Turns out dark blue probably won't be the only new color on Tennessee license plates this year.

A new black specialty plate should be available to drivers statewide well before year's end, according to Lindsay Conrad, the brand-new executive director of the Millennial Debt Foundation. The Chattanooga-based foundation has been at work on the project since early 2021, she said.

"It's Tennessee's first true all-black license plate. It looks pretty cool," said Conrad, a Bradley County native who said she earned her undergraduate degree at Maryville College and a master's degree in economics at Vanderbilt University.

The plate initiative was launched by the foundation on the watch of its then-CEO, Weston Wamp, who was sworn in Thursday as Hamilton County's new mayor.

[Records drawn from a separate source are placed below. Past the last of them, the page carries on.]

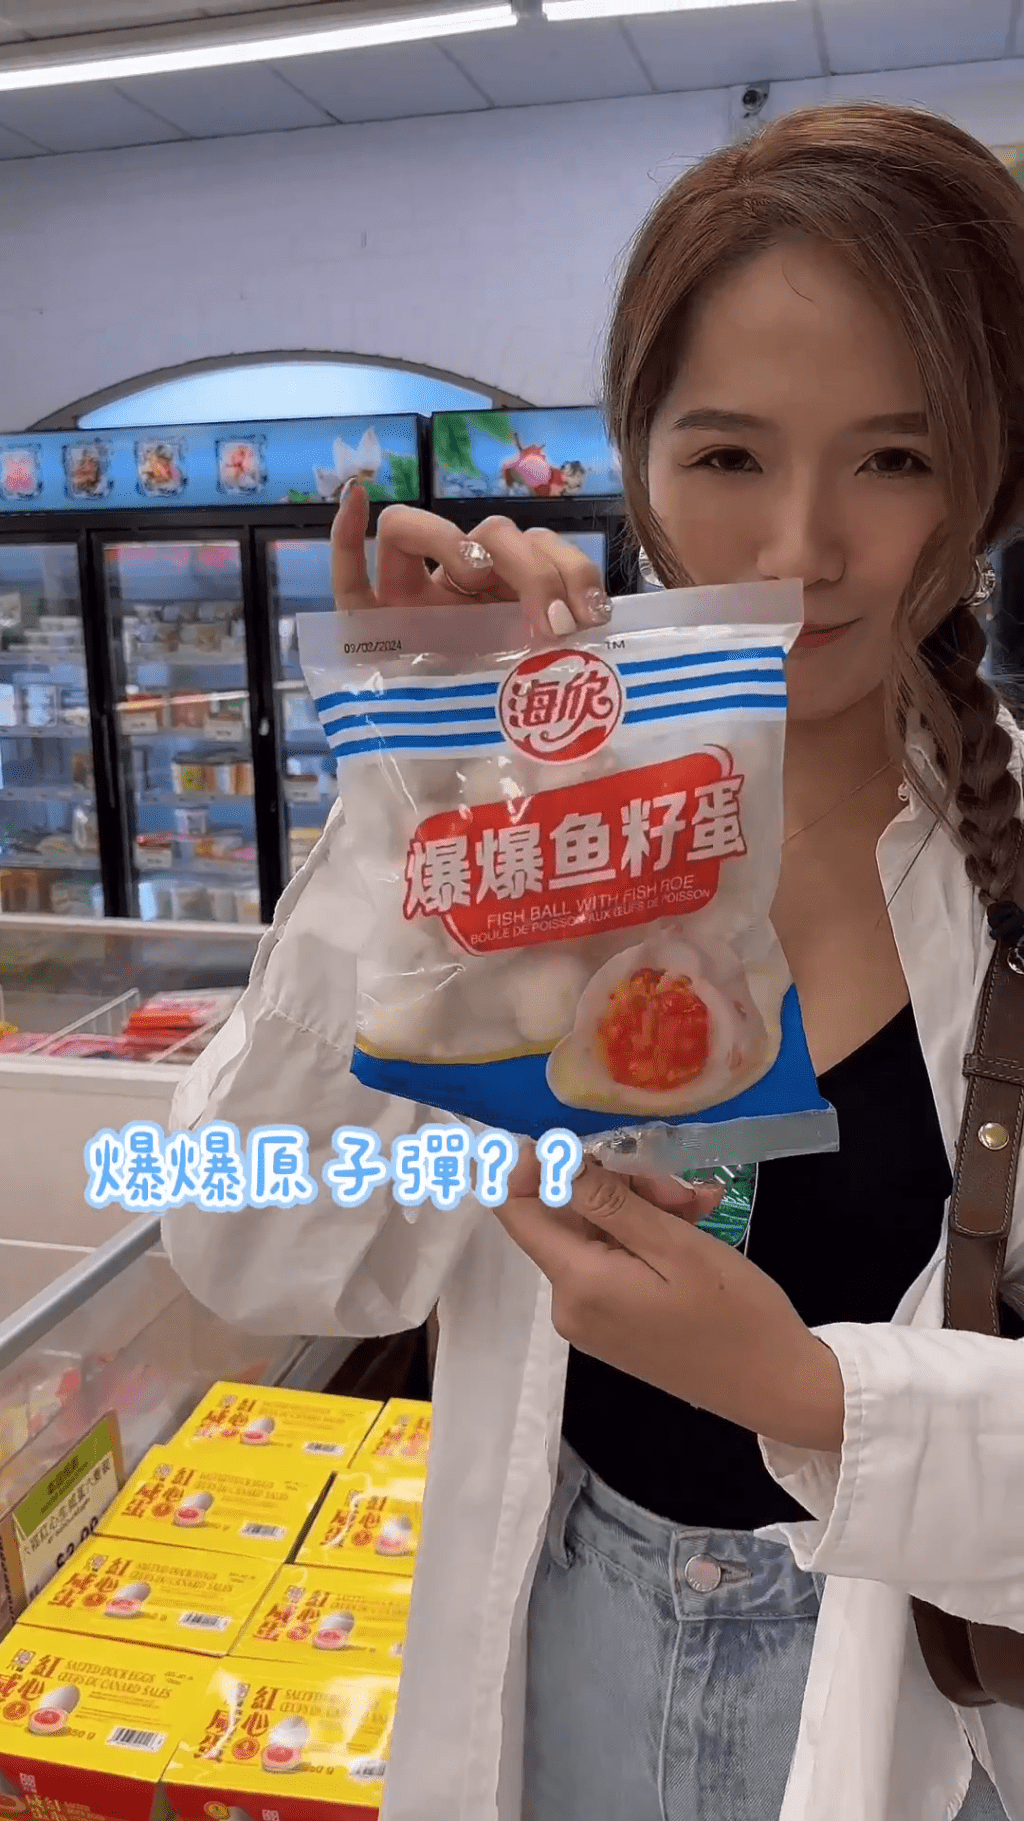 梁敏巧再于IG上载一段搞笑影片，身在当地超市的她拎起多件食品，念出包装上产品名称的谐音。
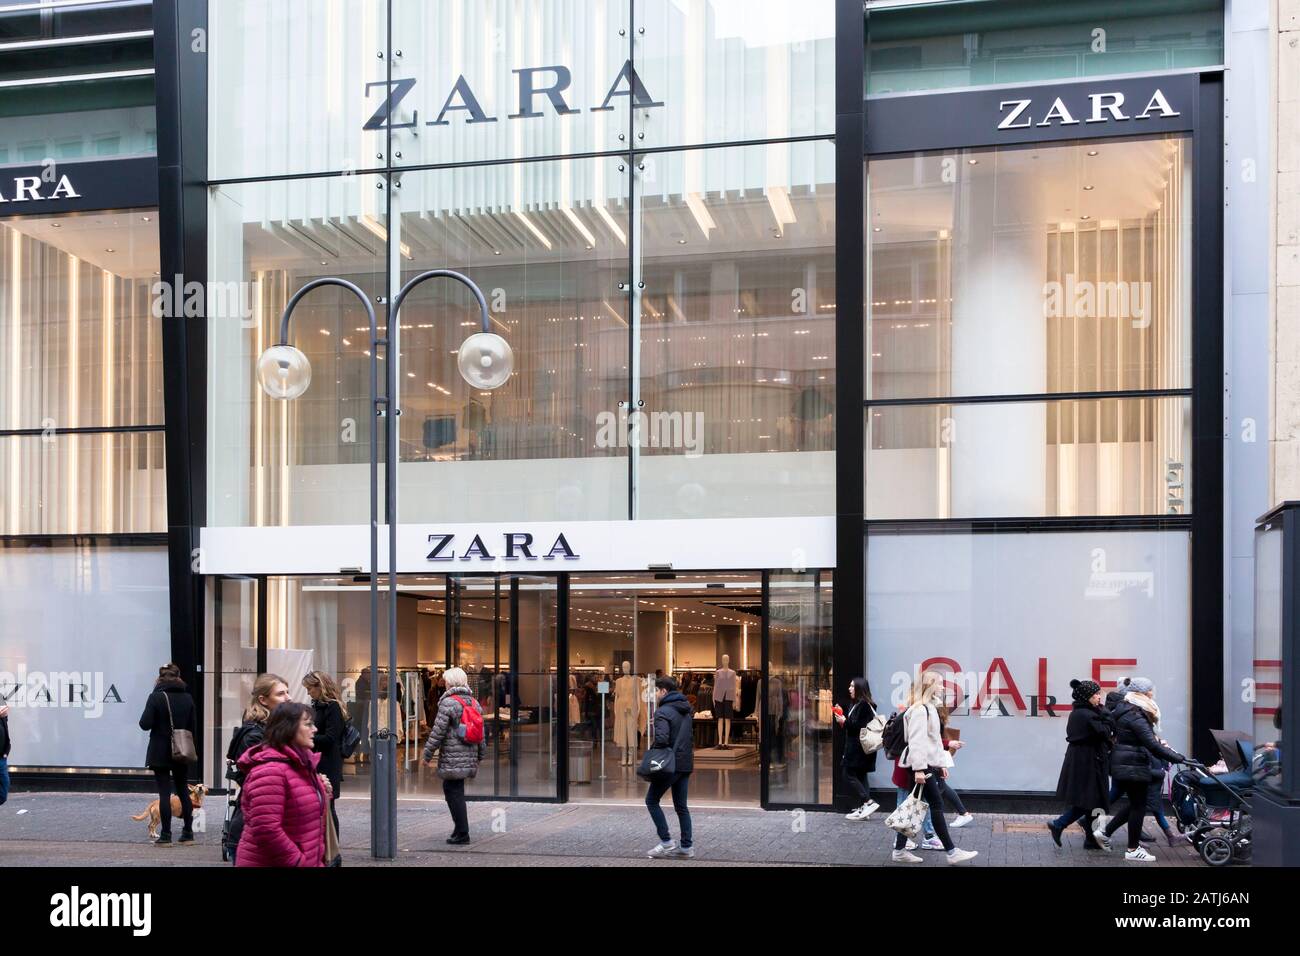 Negozio di moda Zara sulla via dello shopping Schildergasse, Colonia,  Germania. Modegeschaift Zara In Der Einkaufsstrasse Schildergasse, Koeln,  Deutschland Foto stock - Alamy
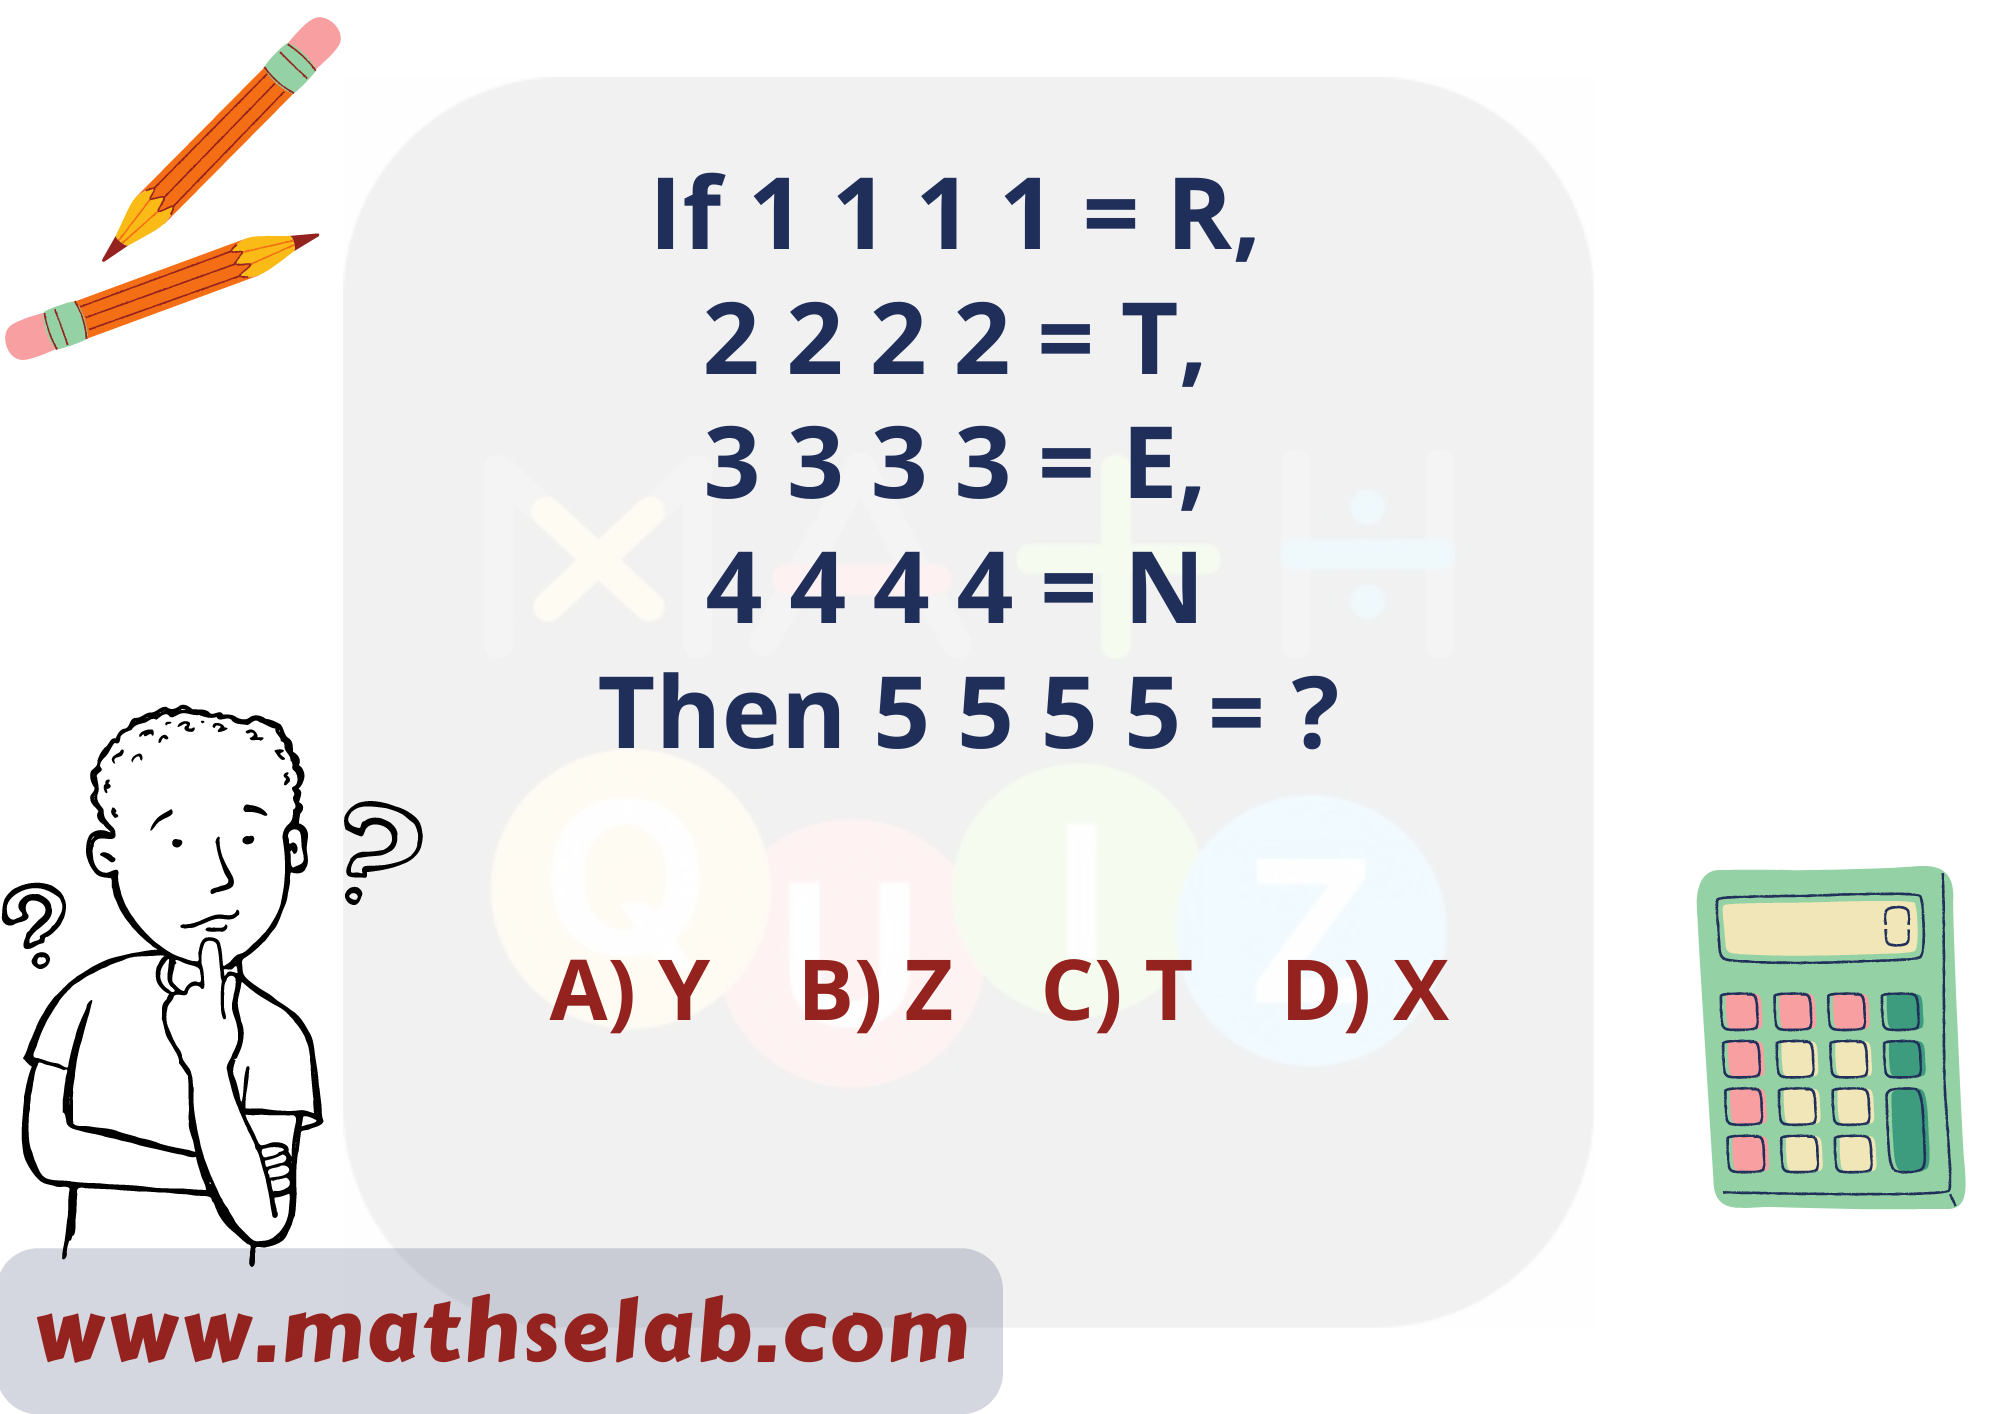 If 1 1 1 1 = R, 2 2 2 2 = T, 3 3 3 3 = E, 4 4 4 4 = N Then 5 5 5 5 = - www.mathselab.com
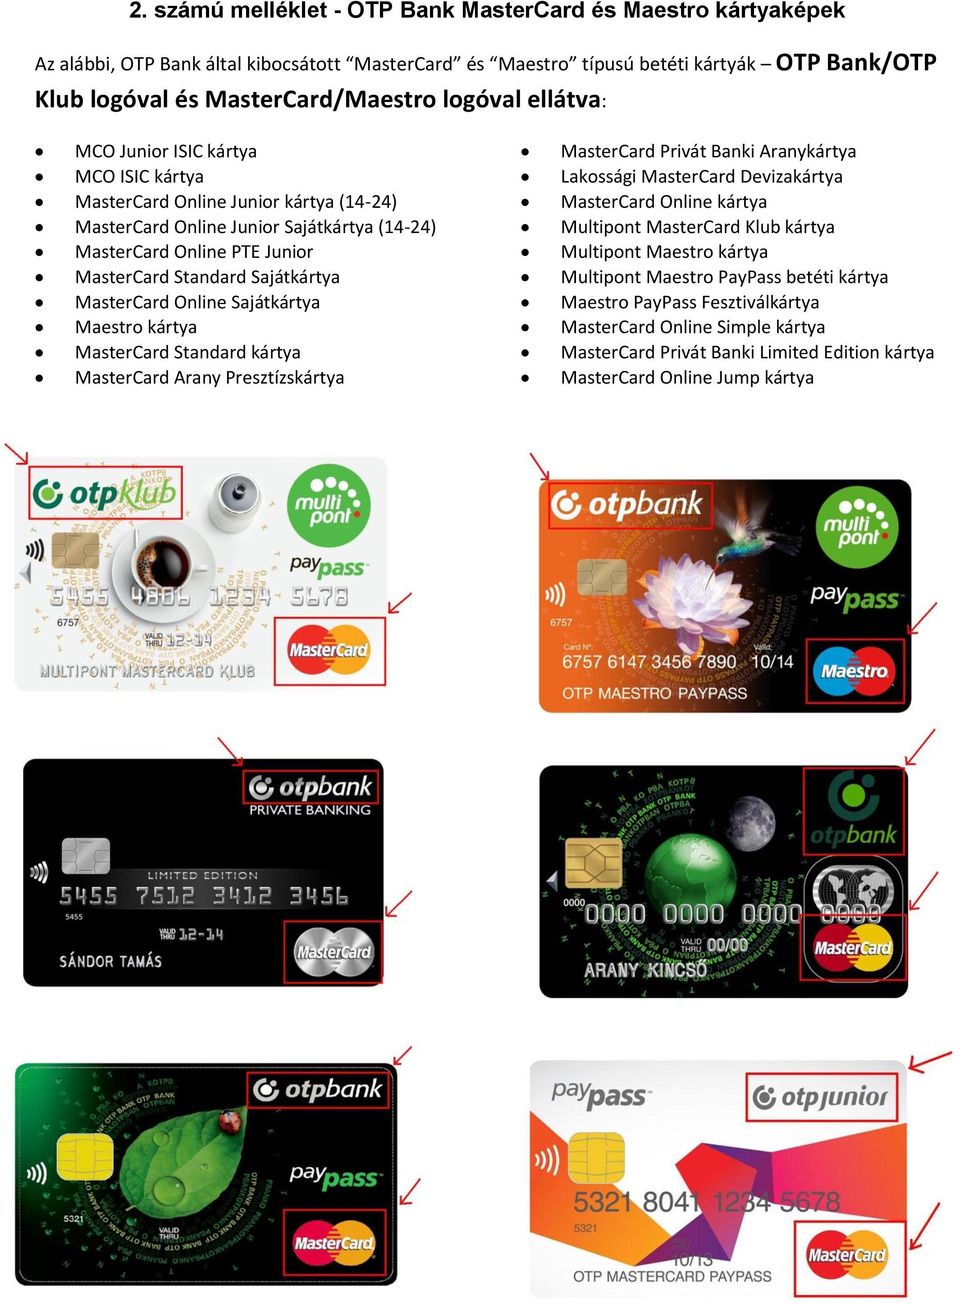 Sajátkártya MasterCard Online Sajátkártya Maestro kártya MasterCard Standard kártya MasterCard Arany Presztízskártya MasterCard Privát Banki Aranykártya Lakossági MasterCard Devizakártya MasterCard

Conrad said she succeeded Wamp as the foundation's chief executive that day, and the new mayor will serve as volunteer board chairman.

Meeting the day before his inauguration with the Times Free Press editorial board, Wamp said the state's specialty plate program "is a revenue-share with nonprofits that are domiciled in Tennessee."

"You pay extra for a specialty plate," he said, "and a portion of the extra you pay goes to [the nonprofit]."

Conrad said the organization will get $16 per plate.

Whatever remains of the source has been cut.